── Data block
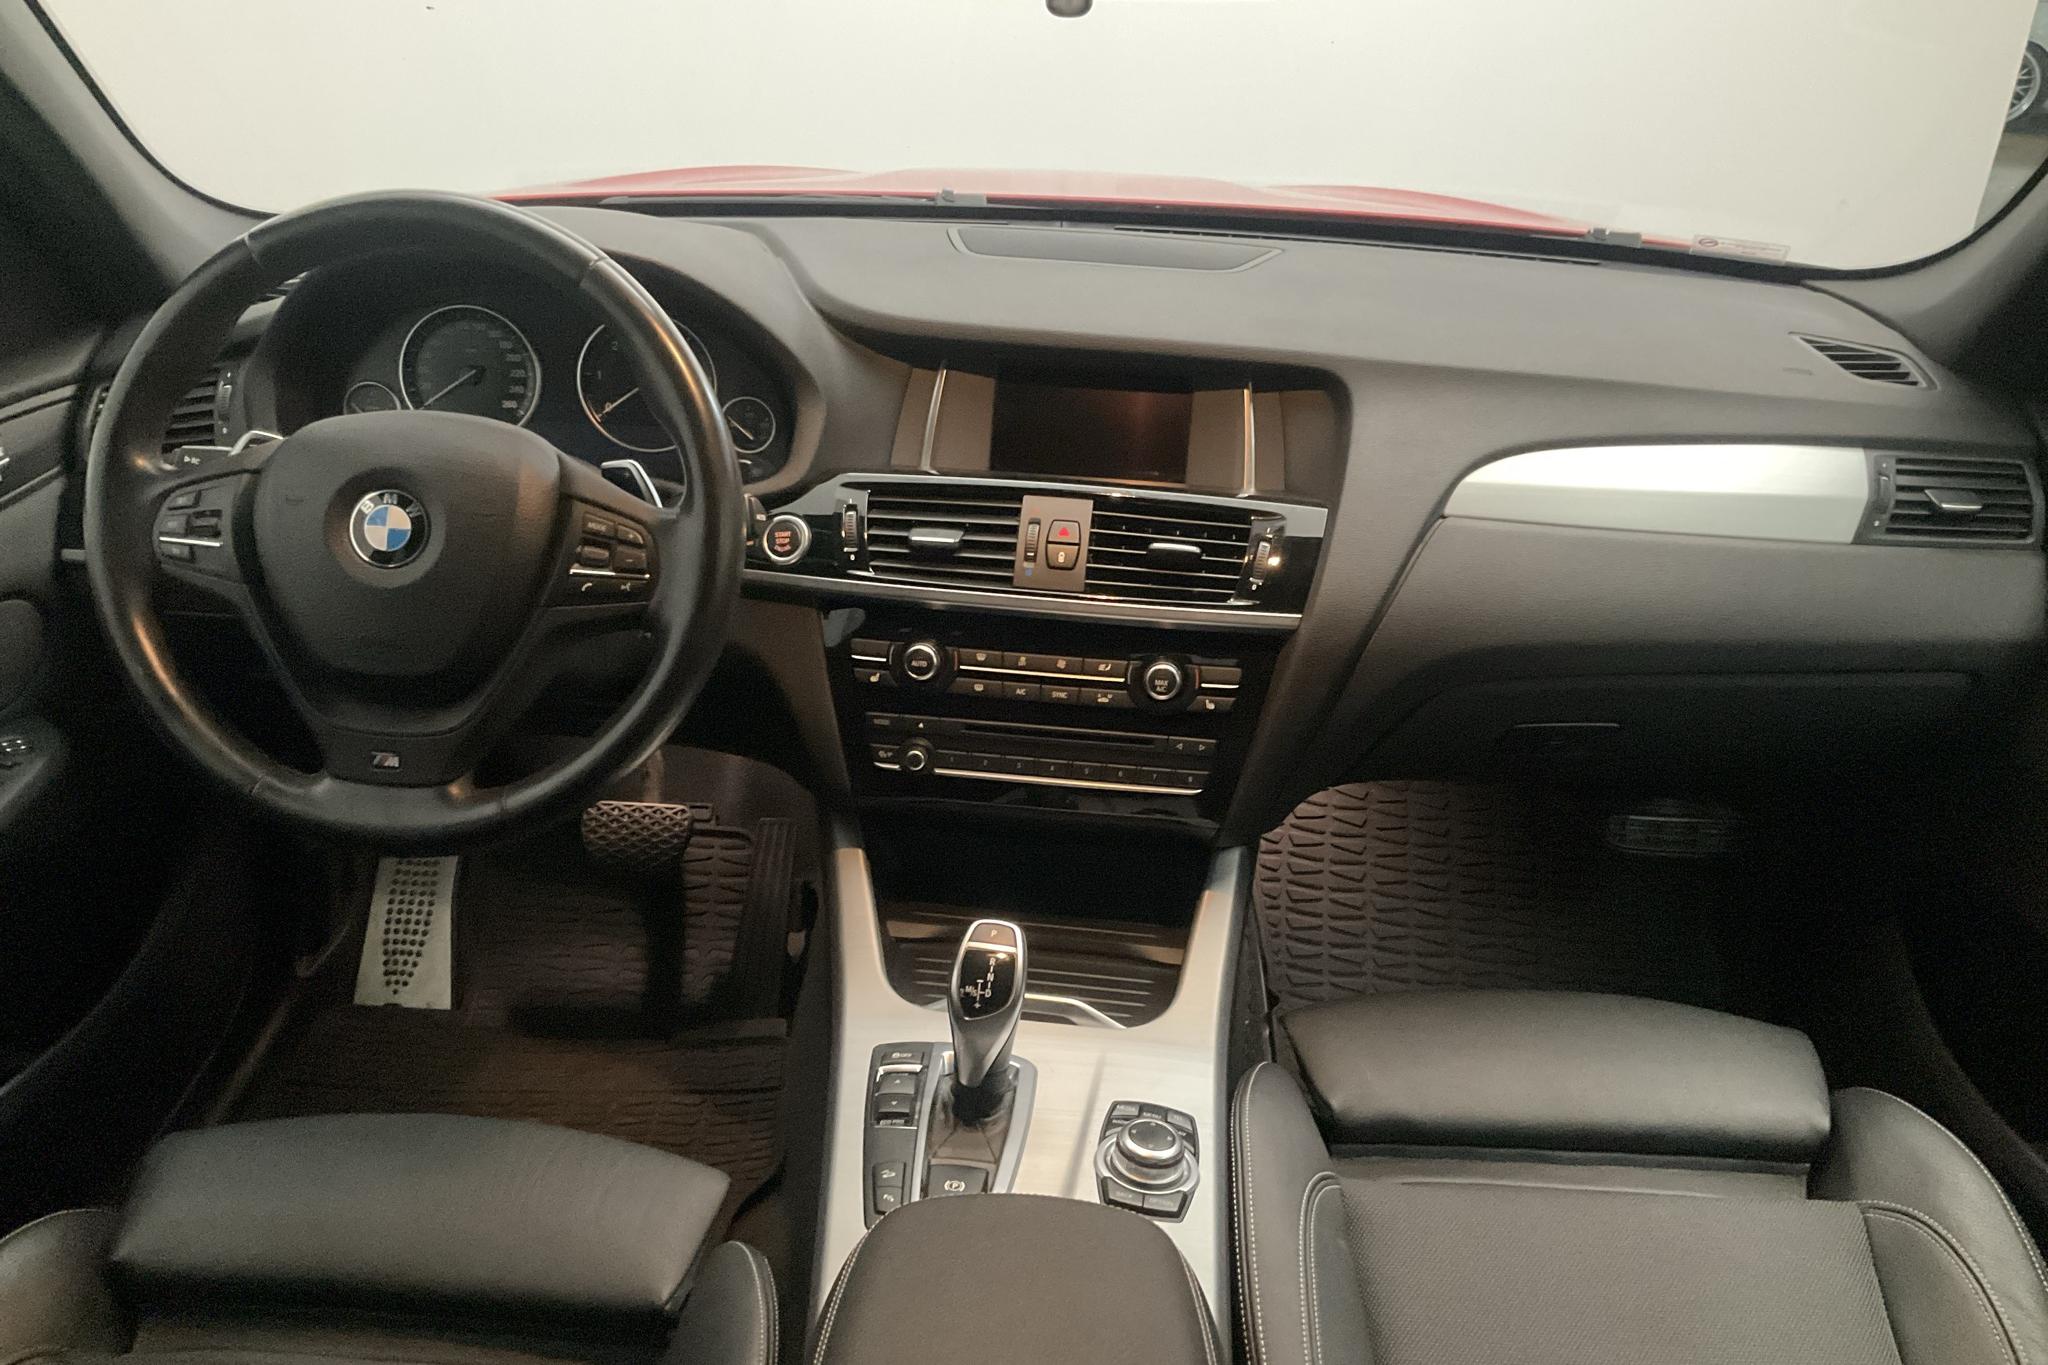 BMW X3 xDrive30d, F25 (258hk) - 101 690 km - Automatic - red - 2015
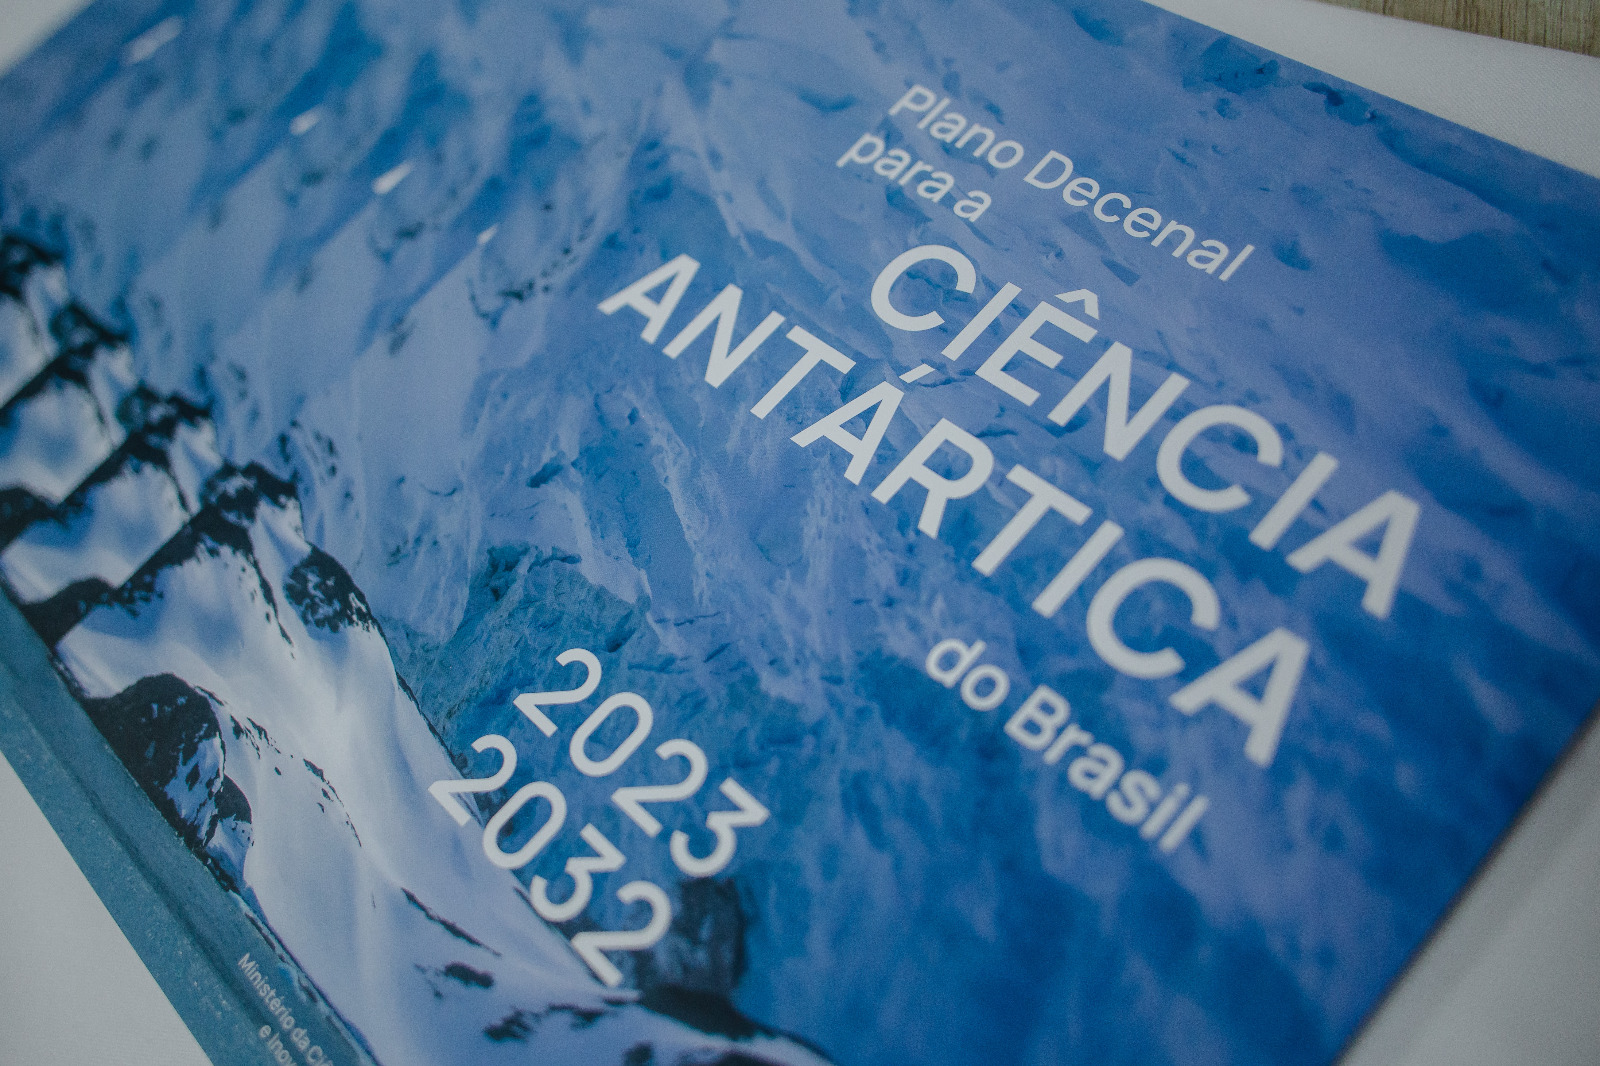 Plano foi elaborado pelo MCTI, por meio do Comitê Nacional de Pesquisas Antárticas (Conapa), com ampla participação da comunidade científica
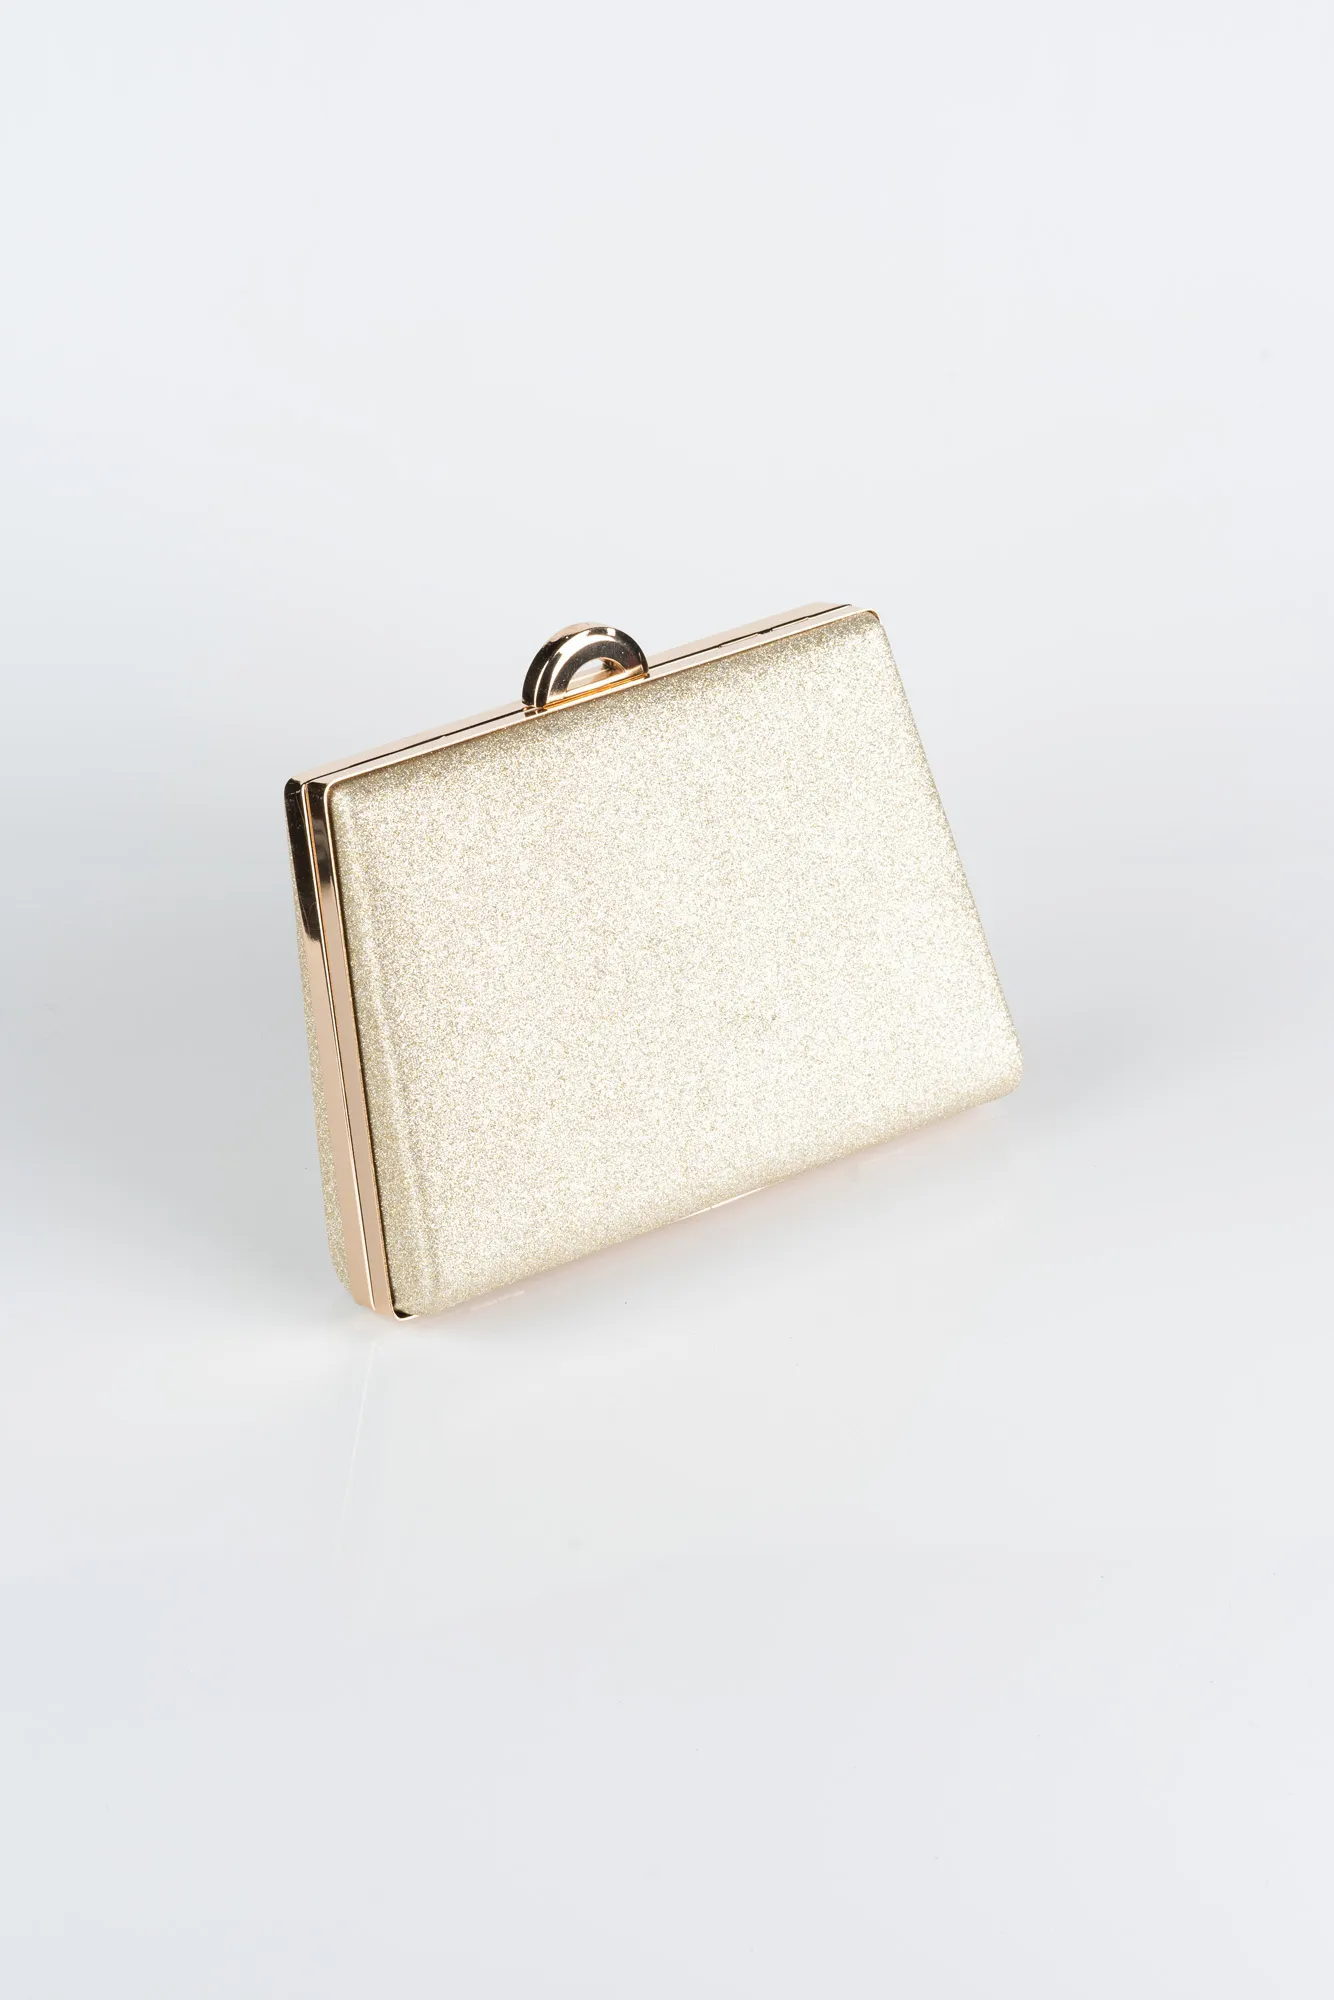 Light Gold-Box Bag V249
────
Exercise =
Repeat the listing exactly, minus its pictures.

Exercise solution =
 BMW X3 xDrive30d, F25 (258hk) - 101 690 km - Automatic - red - 2015
 Plano foi elaborado pelo MCTI, por meio do Comitê Nacional de Pesquisas Antárticas (Conapa), com ampla participação da comunidade científica
 Light Gold-Box Bag V249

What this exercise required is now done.